→ **Exercise description**:
Write out the listing exactly, dropping any picture it contains.

** Opening Dataset extract block **

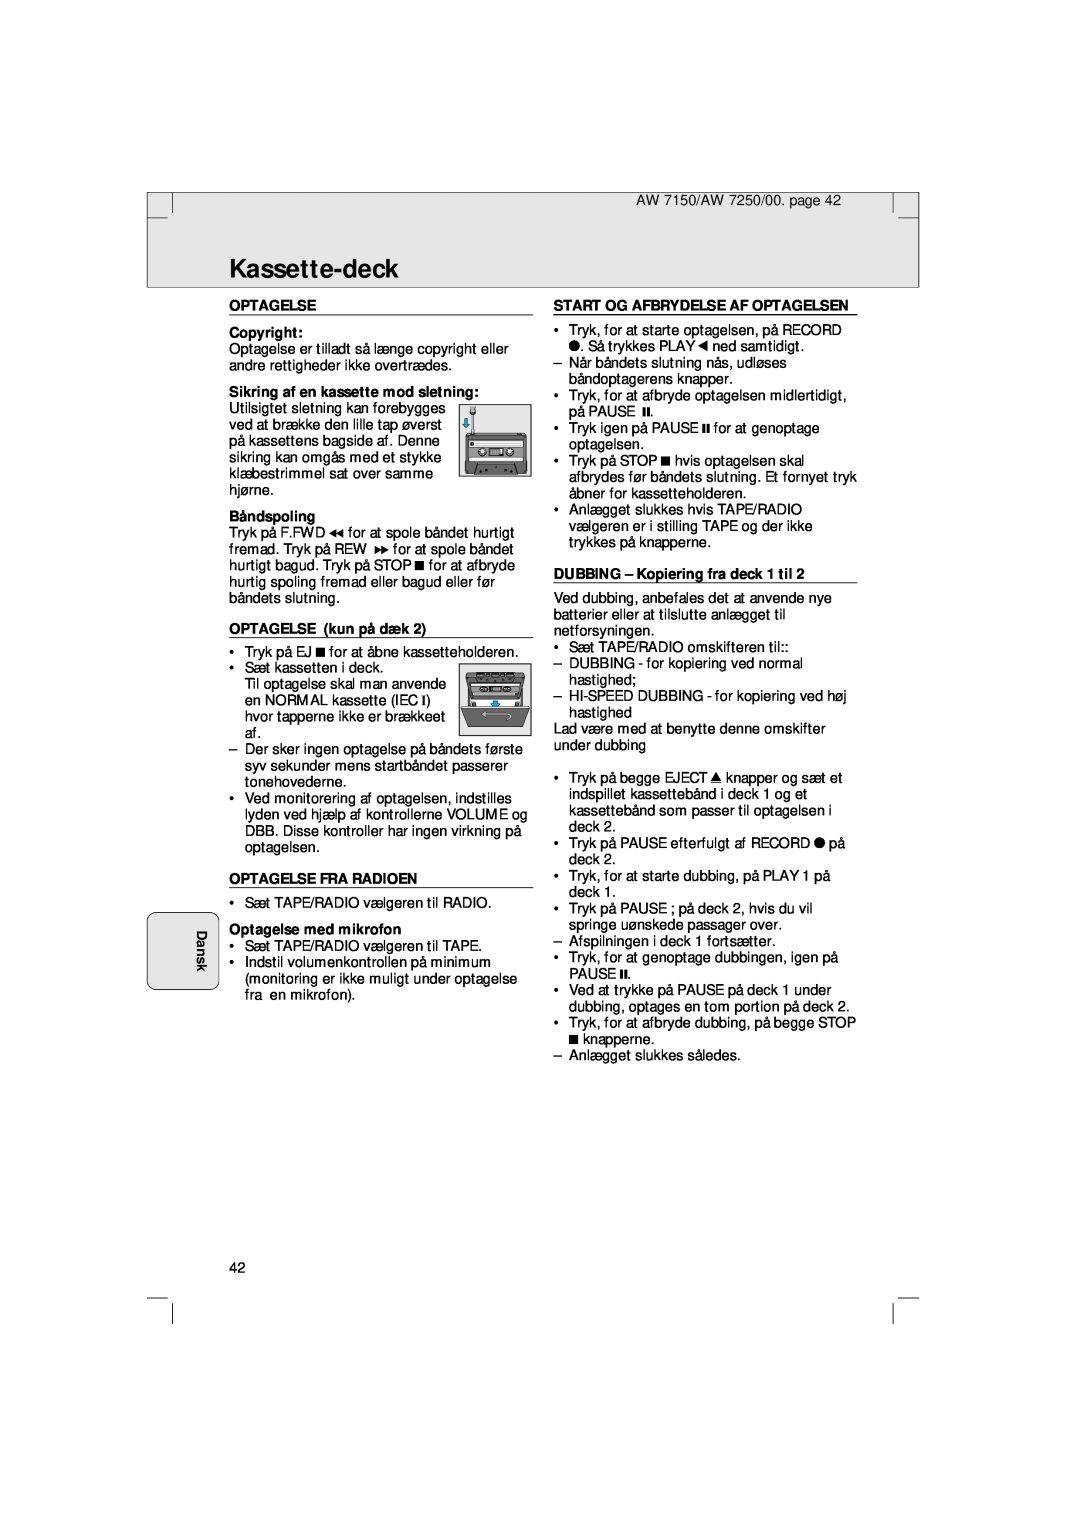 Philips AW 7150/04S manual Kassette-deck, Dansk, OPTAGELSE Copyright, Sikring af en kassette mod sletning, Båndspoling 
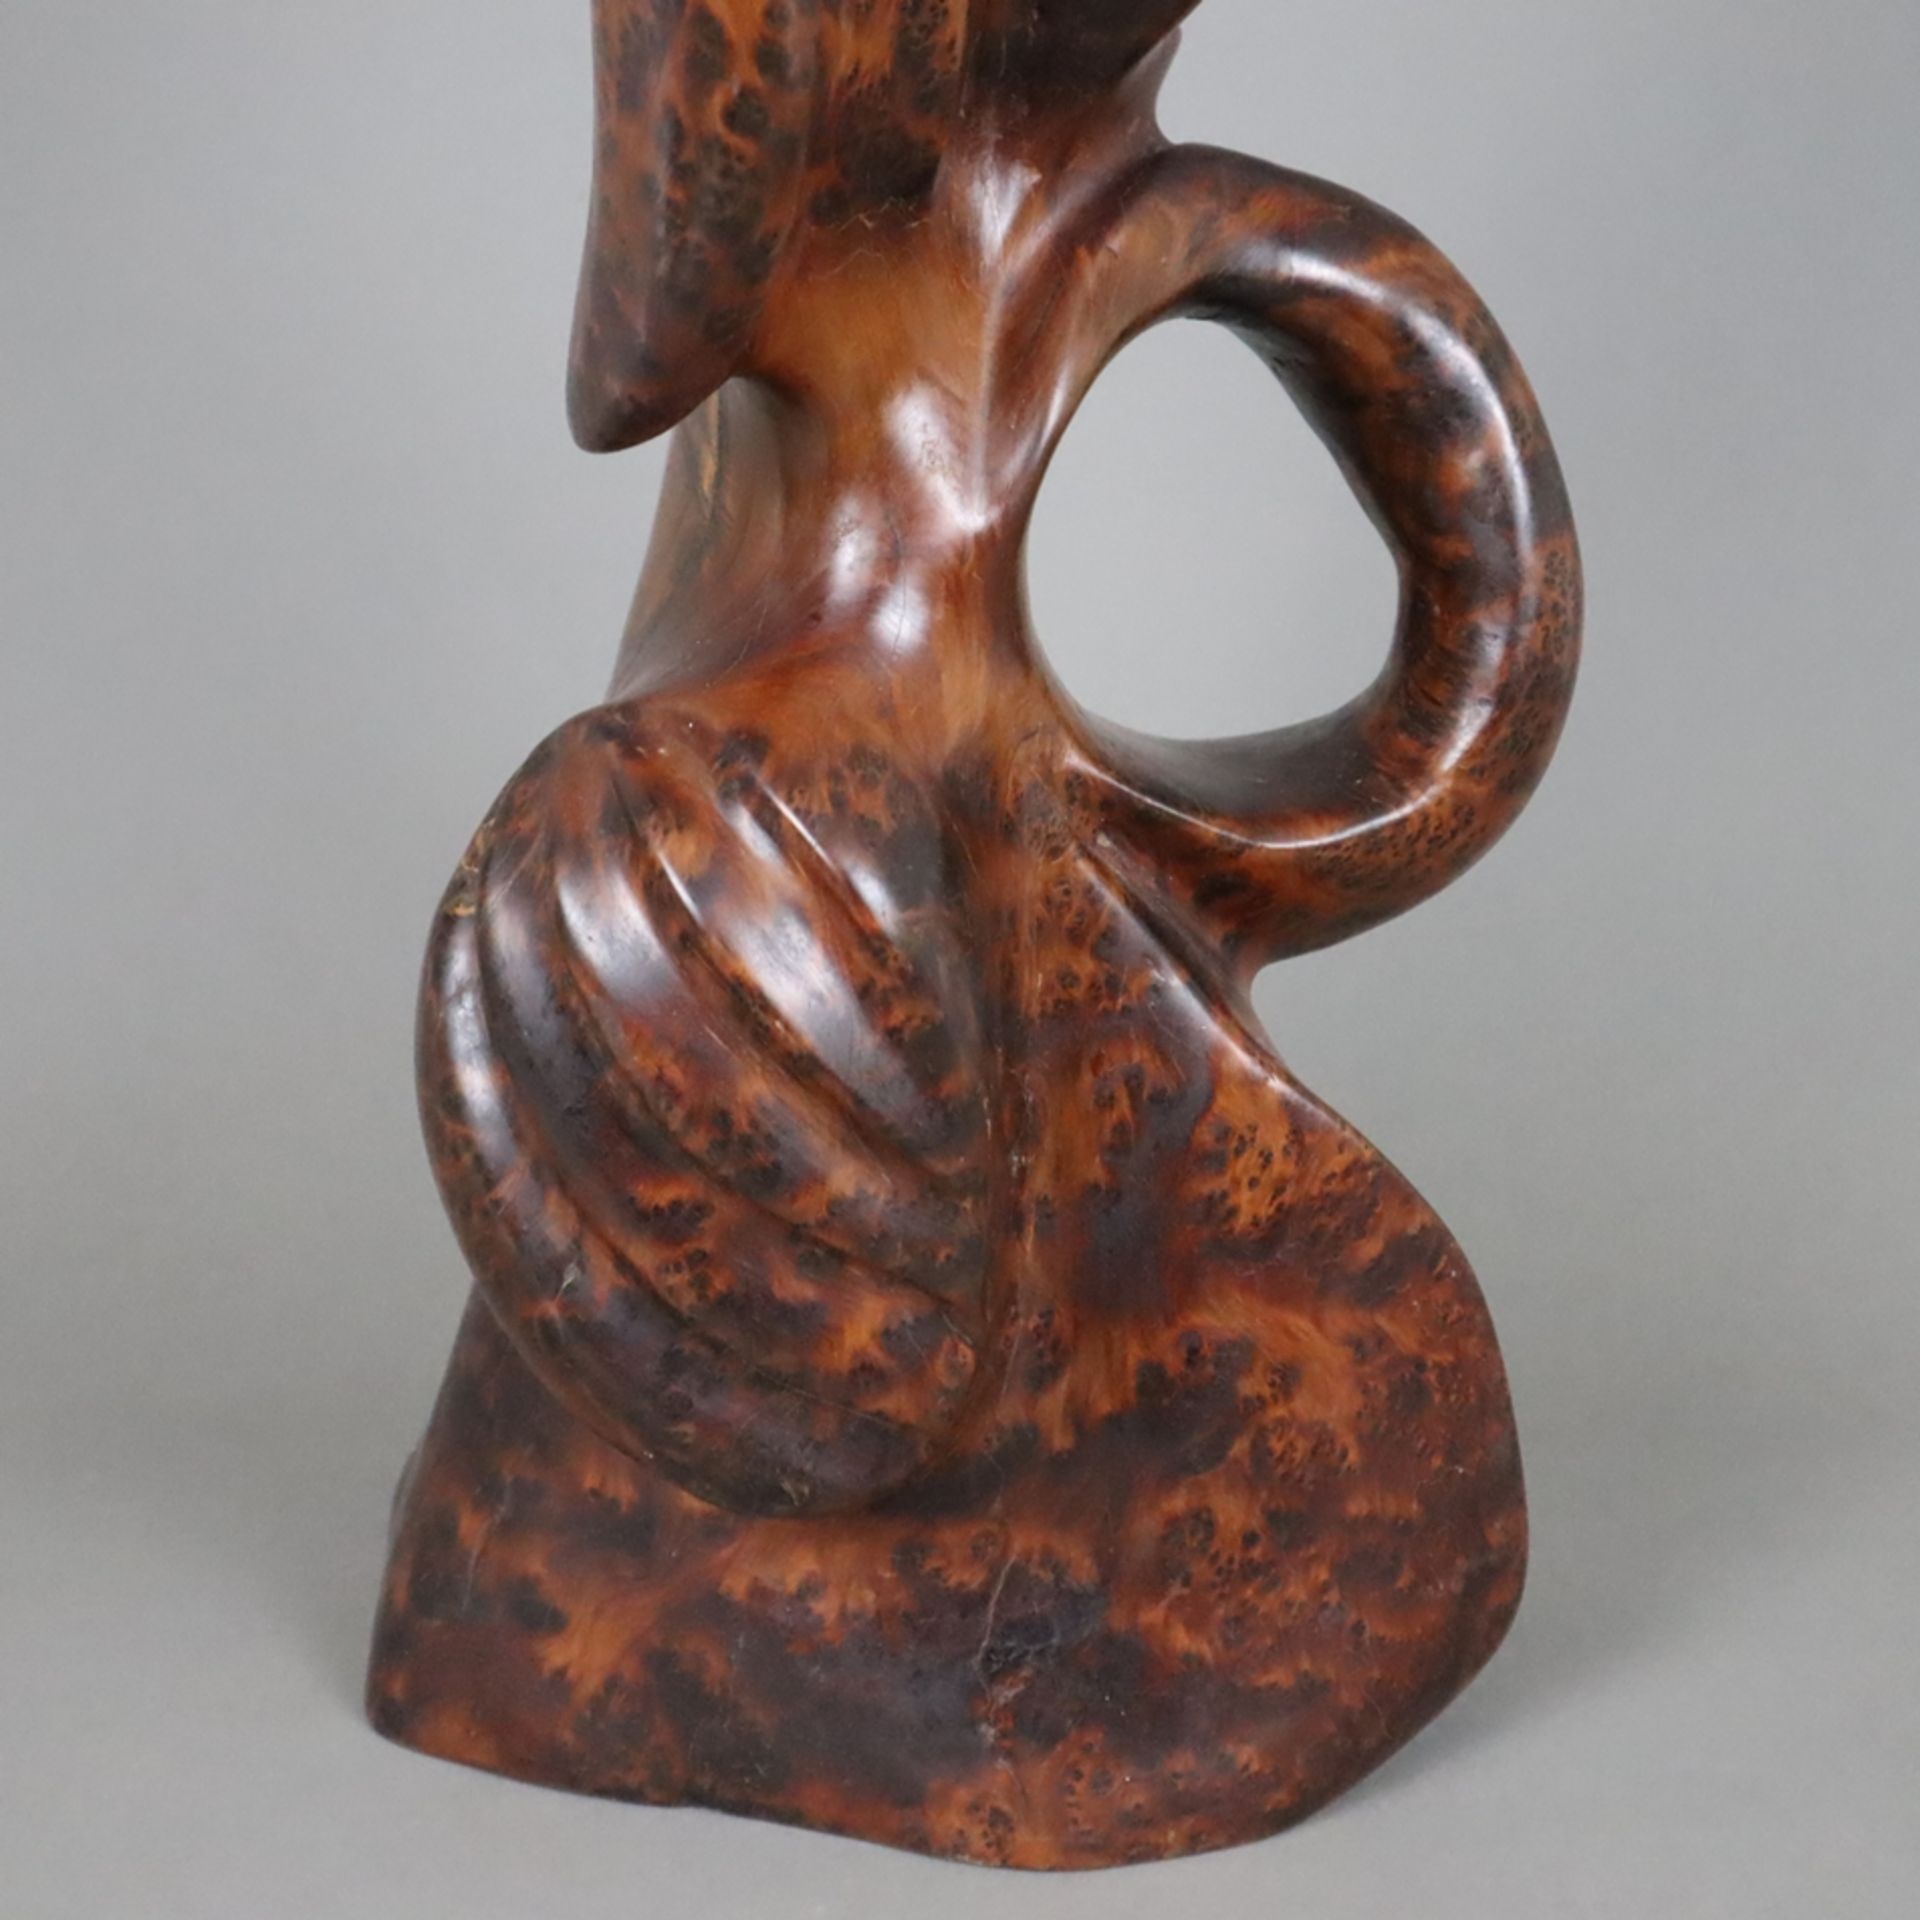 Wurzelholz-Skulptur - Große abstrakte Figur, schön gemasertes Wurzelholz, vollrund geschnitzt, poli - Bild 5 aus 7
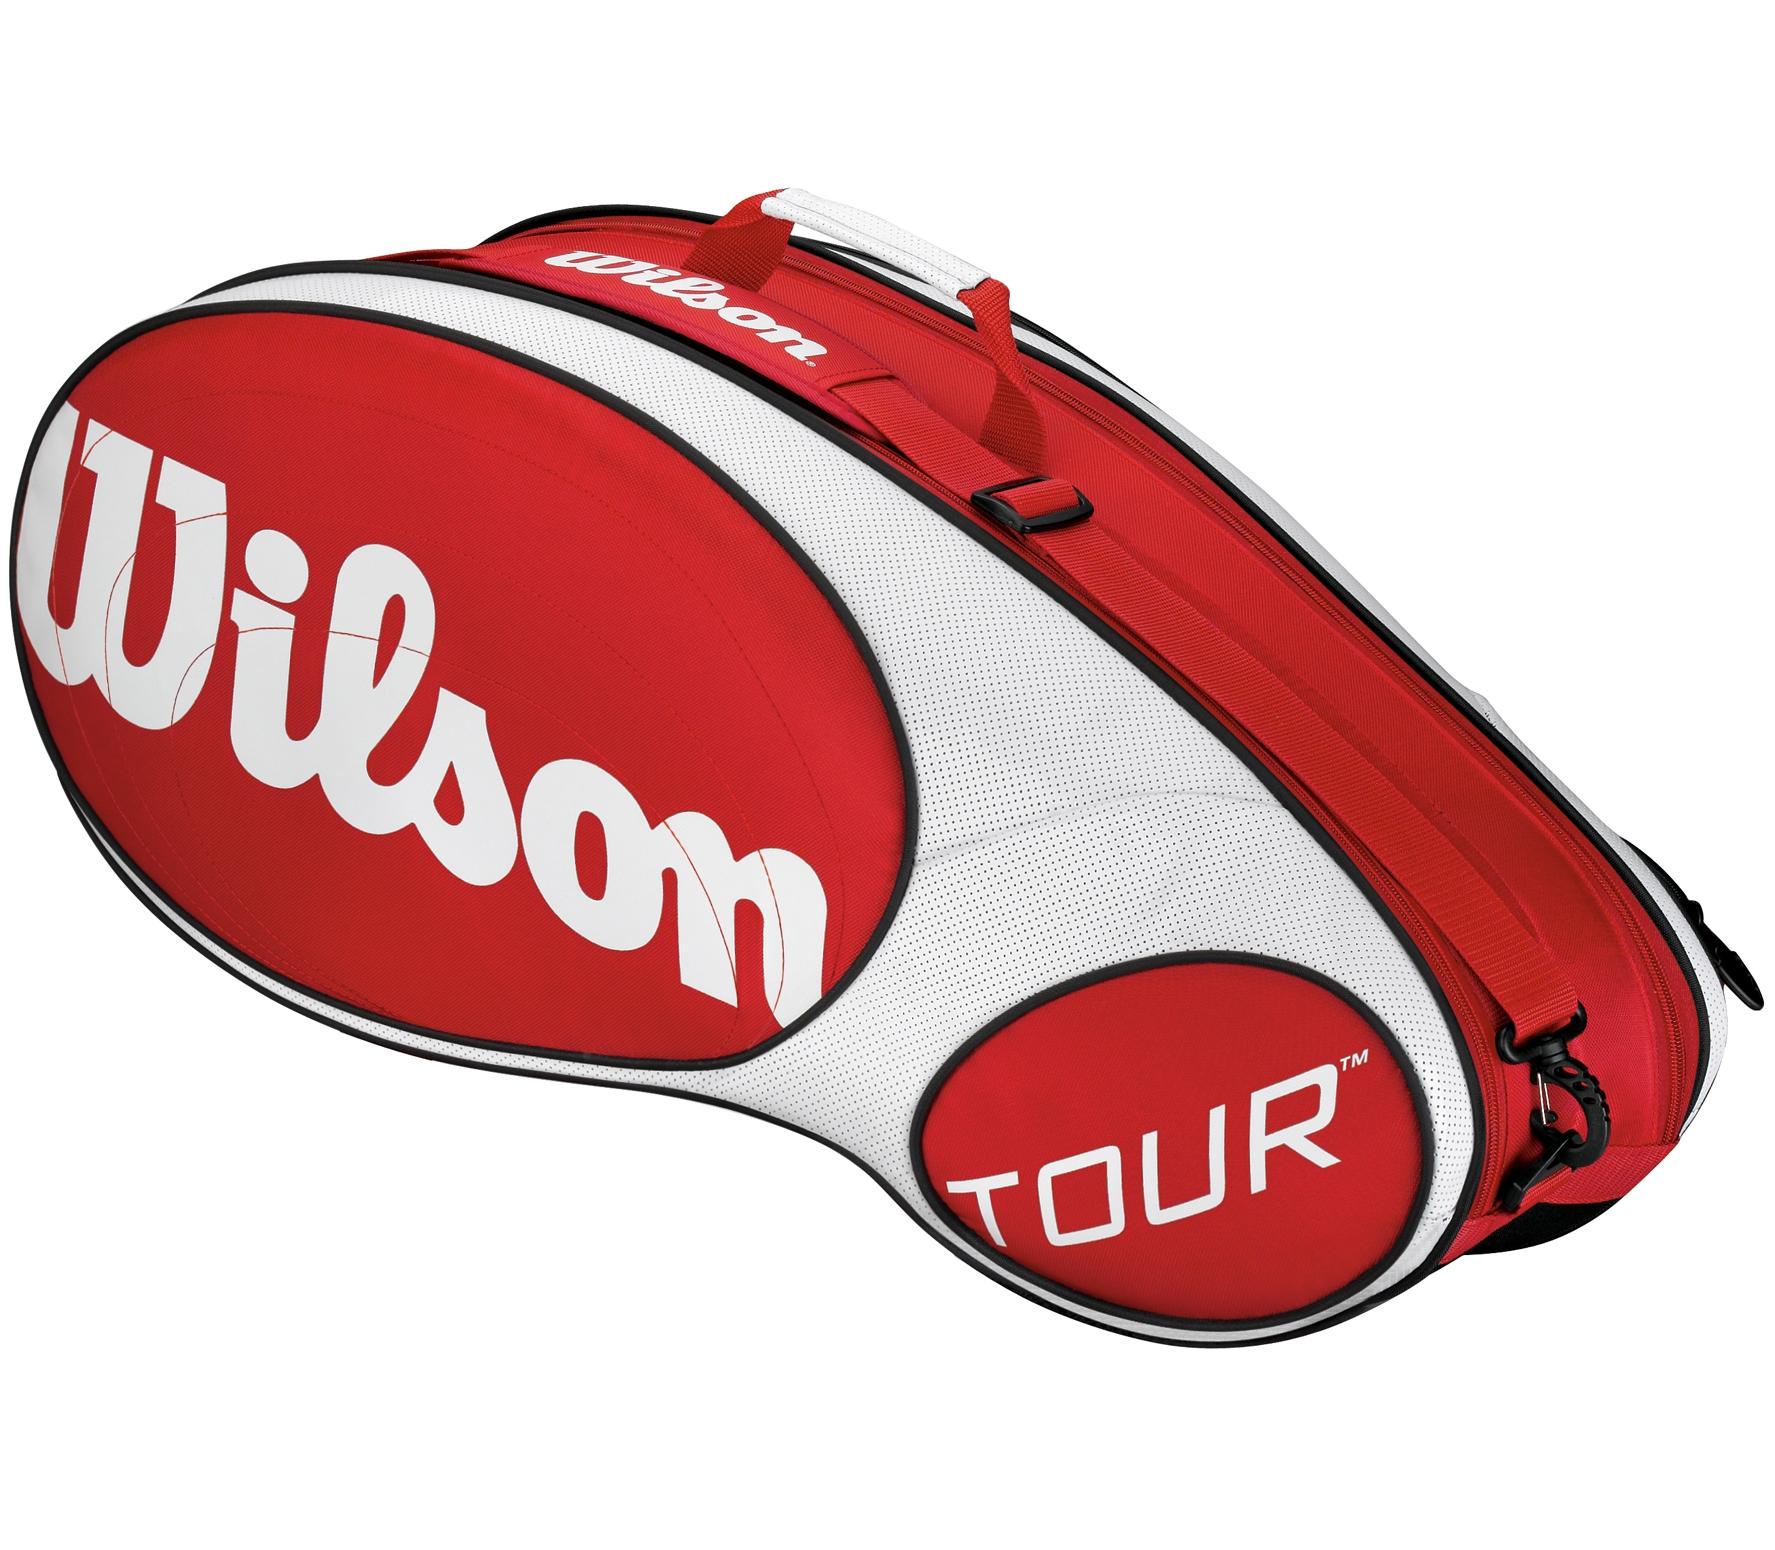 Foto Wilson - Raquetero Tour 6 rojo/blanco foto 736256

** Closing Dataset extract block **

→ **Exercise answer**:
 Philips AW 7150/04S manual Kassette-deck, Dansk, OPTAGELSE Copyright, Sikring af en kassette mod sletning, Båndspoling 
 Wurzelholz-Skulptur - Große abstrakte Figur, schön gemasertes Wurzelholz, vollrund geschnitzt, poli - Bild 5 aus 7
 Foto Wilson - Raquetero Tour 6 rojo/blanco foto 736256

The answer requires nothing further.